My children were working on their lunges, when the instructor said something about buttocks. The kids could barely contain themselves and joyfully shouted out "Buttocks!" My enthusiastic girls were clearly amused. They laughed hysterically and had a good ole time wondering why mommy wanted a brand new butt. My middle child then started singing, "I want a brand new butt if it's the last thing I do." The other two joined in and repeated the oh so true refrain at the top of their lungs. Middle child turns around and wiggles her butt at me. The kids fall to the ground, grabbing their stomachs, laughing. Laughing. Laughing. I admit, it was funny. Even though it was at my expense. Still. The kids finally tired over the novelty of the butt dance and song and I marvelled at how quickly this all evolved. I decided to confuse them with delicious snacks then retreated to nurse my humiliated soul with some well deserved chocolate. The children were soon obsessed with playing restaurant and I started to relax.
Until we go to the grocery store. Middle child was bored and started humming the tune. 3 year old started singing the song. Loudly. 8 year old had the sense to look embarrassed and walked away. Youngest and middle child are partners in crime, gleefully singing in unison, "I want a brand new butt if it's the last thing I do," while people walked by, snickering. Despite muttered threats from older sister and countless bribes from me, the song persisted for quite a few stanzas. Thankfully, my kids knew better than performing the butt dance. I made it through the grocery store in record time.

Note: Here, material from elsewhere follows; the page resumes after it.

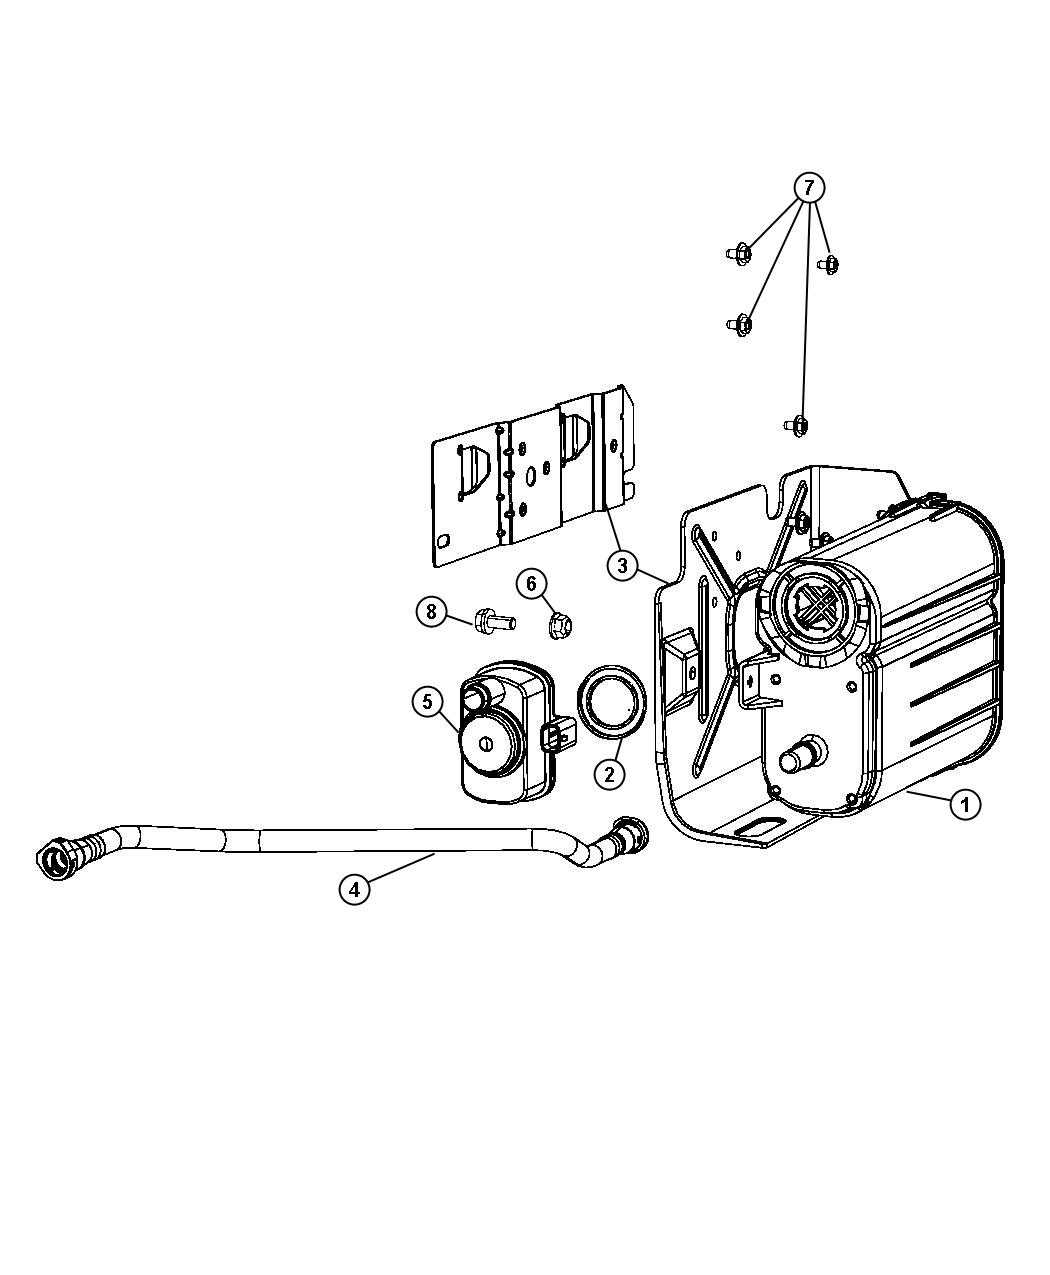 2014 Jeep Grand Cherokee Detector. Evaporative system

This unforgettable song, followed by elated giggles, lasted the whole day, popping up when I least expected it. In the parking lot, in the car, at the gas station, in our front yard, and even more mortifying...in front of neighbors, while I was on the phone, and when someone was at the door. Today was quite the lesson in holding my head up high despite the sh** thrown my way.
This was the tremendous price I paid today to teach my children a meaningful lesson in maintaining order in the house. Organizing clutter is quite literally a pain in the butt. Project CON will still continue at my house, but with a little more thought to the process. My little instigators need some manipulated redirection and a brand new focus for tomorrow. Maybe weeding through their toys will do the trick...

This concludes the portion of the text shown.